If anyone of you are into poker or Fantasy premier league you may be aware of the idea of making positive expected value decisions. This is a great framework for making decisions that have uncertainty or risk associated with them. This is obviously the case for flipping markets, so let’s dive into this idea.

**What is expected value**

Expected value is a term from probability theory which refers to what your payoff from a certain decision is based on all possible outcomes. In the case of a lottery ticket this would be the percentage of tickets that win any particular prize multiplied by that prize, and then you sum it all up and compare it to the cost of a ticket. For lotteries this is always negative as that’s the only way the lottery company makes money.

**+EV in other contexts**

Positive Expected Value or +EV is a common term in poker theory. You want to make the right bet size or fold that maximizes your winnings over all potential cards your opponents may have and which cards may be coming. Poker has a ton of variance so you may be making +EV decisions and still lose a lot of money in the short term. Gold making luckily has much less randomness, but the framework is still useful as you have no idea what will happen over the next week, month or year.

**Appliying it to decision making**

The idea is simply to consider all possible outcomes before making a decision and trying to ensure your decision will be profitable on average if you played out the subsequent scenario thousands of times.

For flipping this will mean that you accept that some of your purchases will turn into losses, as long as you are profitable on average in that particular market.

**Can you use this while flipping?**

I’ve actually implemented this idea in my material flipping settings. I used to have a check that was based on my average buy price to ensure I never lost gold. I don’t anymore I just let both my thresholds change with dbmarket.

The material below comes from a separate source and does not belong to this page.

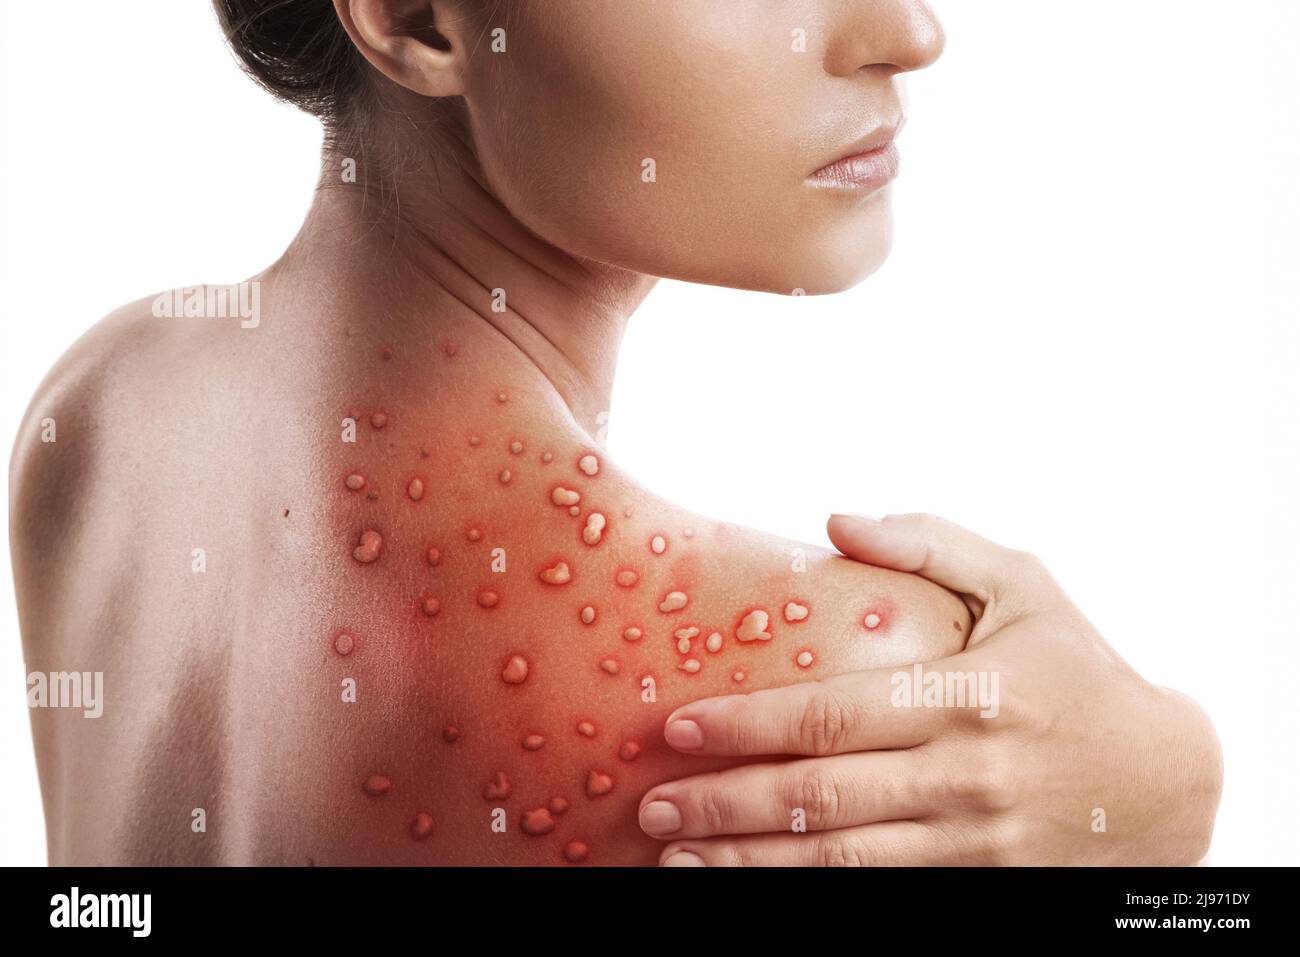 Frau und ihre Haut sind von Blasenausschlag aufgrund von Monkeypox auf weißem Hintergrund betroffen Stockfoto

On average this approach will be profitable, but I will take losses when the price goes down on an item, which obviously happens with semi-regular frequency.

**Plan to minimize losses, not eliminate them completely**

Ultimately it is about accepting the fact that you may incur losses and trying to make sure that they are small enough that you are still profitable in the long run. Having this awareness means you will take easier when you lose out some gold. You will also be making a profit which is the main point of this.

**A simple framework**

For any flipping markets a simple way to compute your expected value is to compare your minimum auctioning price to your maximum shopping price. A large difference will decrease the chance you lose gold, while limiting the number of deals you can find.

Never expect to sell items for more than dbmarket, as it is just in some select markets and on some realms. An even safer approach would be to compare your purchasing price with the region sale average price which is generally much lower than dbmarket. It does depend on the realm though and on some high pop realms dbmarket may be higher.